"That's a pretty heavy type of barbed-wire sticking out of the trunk of that tree, isn't it?

"That's not a wire, but let me tell you the story about that piece of metal showing there."

"You mean there's really a story about that?"

"Sure, and I think it's a rather impelling tale. Let's get out of this hot sunshine and sit under the shade of that maple over there. I'll see if I can recall all of the details."


It was back in '62 and Old Abe was calling for more volunteers. The Union forces were seldom victorious over the Rebels. President Lincoln's generals seemed to paint themselves as underdogs and kept petitioning for enlargement of their armies. So there appeared in Northern newspapers and on bulletin boards enlistment posters to stir the hearts of young men itching for glory.

That's what our hero, whom I'll call Tim, had on his mind as he took a wagonload of potatoes down to Union City.
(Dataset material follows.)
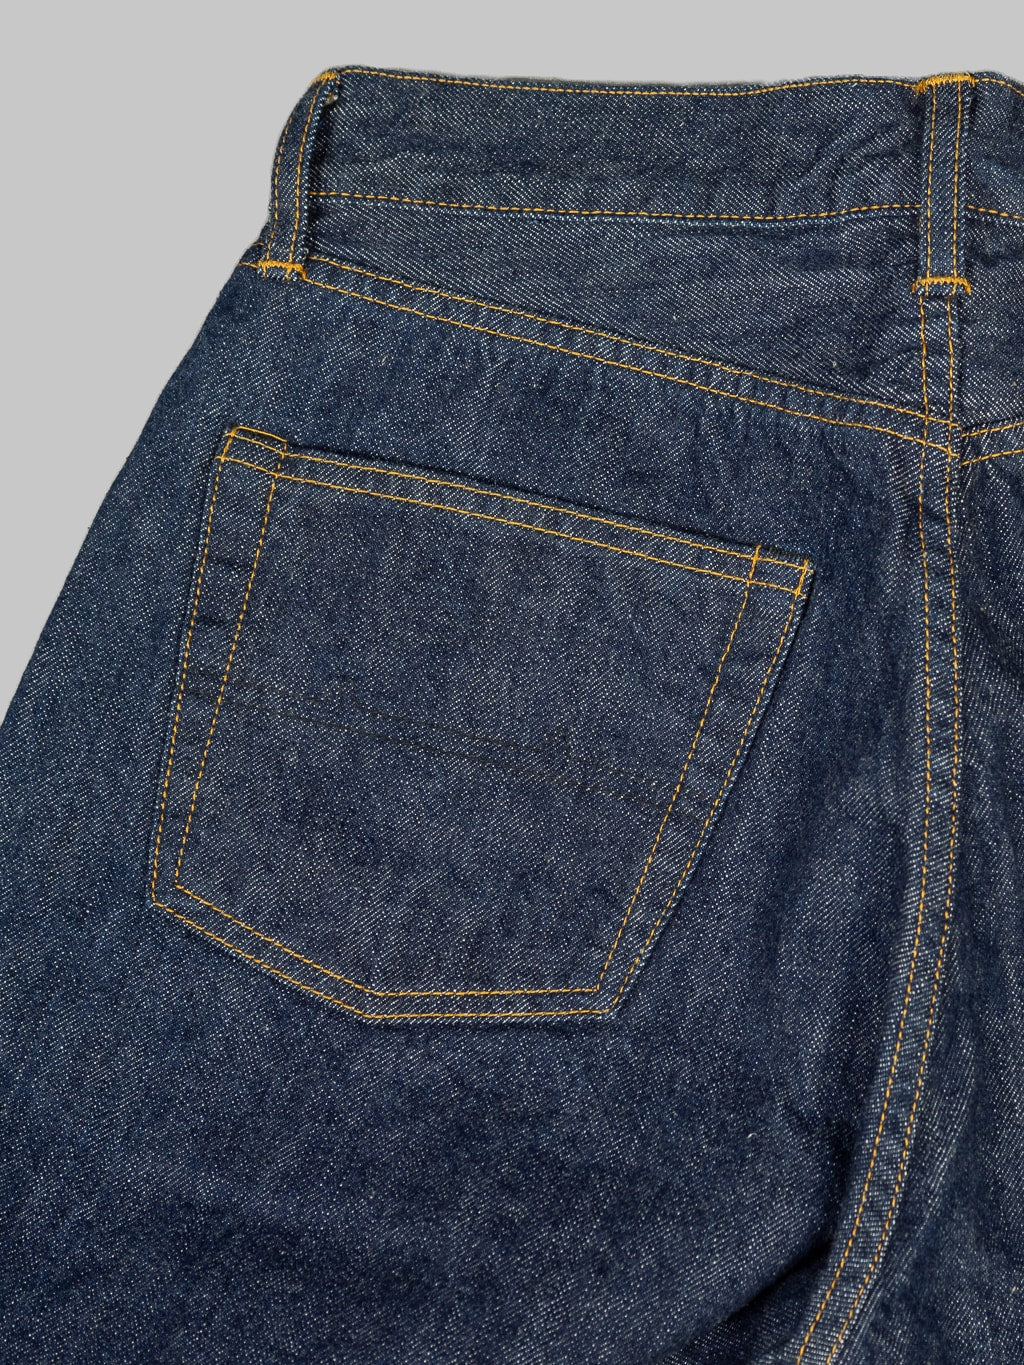 tcb 60s regular straight jeans back pocket

Before he got to the general store to unload, he had to make an abrupt stop as the horses shied at the sight and sound of a small motley band. The amateur musicians turned the corner and headed down Main Street to the tune of "Rally 'Round the Flag, Boys". 'Too bad brother Syl missed hearing that,' he thought.

After the spuds were safely in the store's root cellar, Tim went upstairs to collect payment from the proprietor, Sam Elder.

As he counted out the bills from the till, Sam asked, "How is the health of your folks lately, Tim?"

"Not too good, Mr. Elder. It's about all they can do is tend the garden."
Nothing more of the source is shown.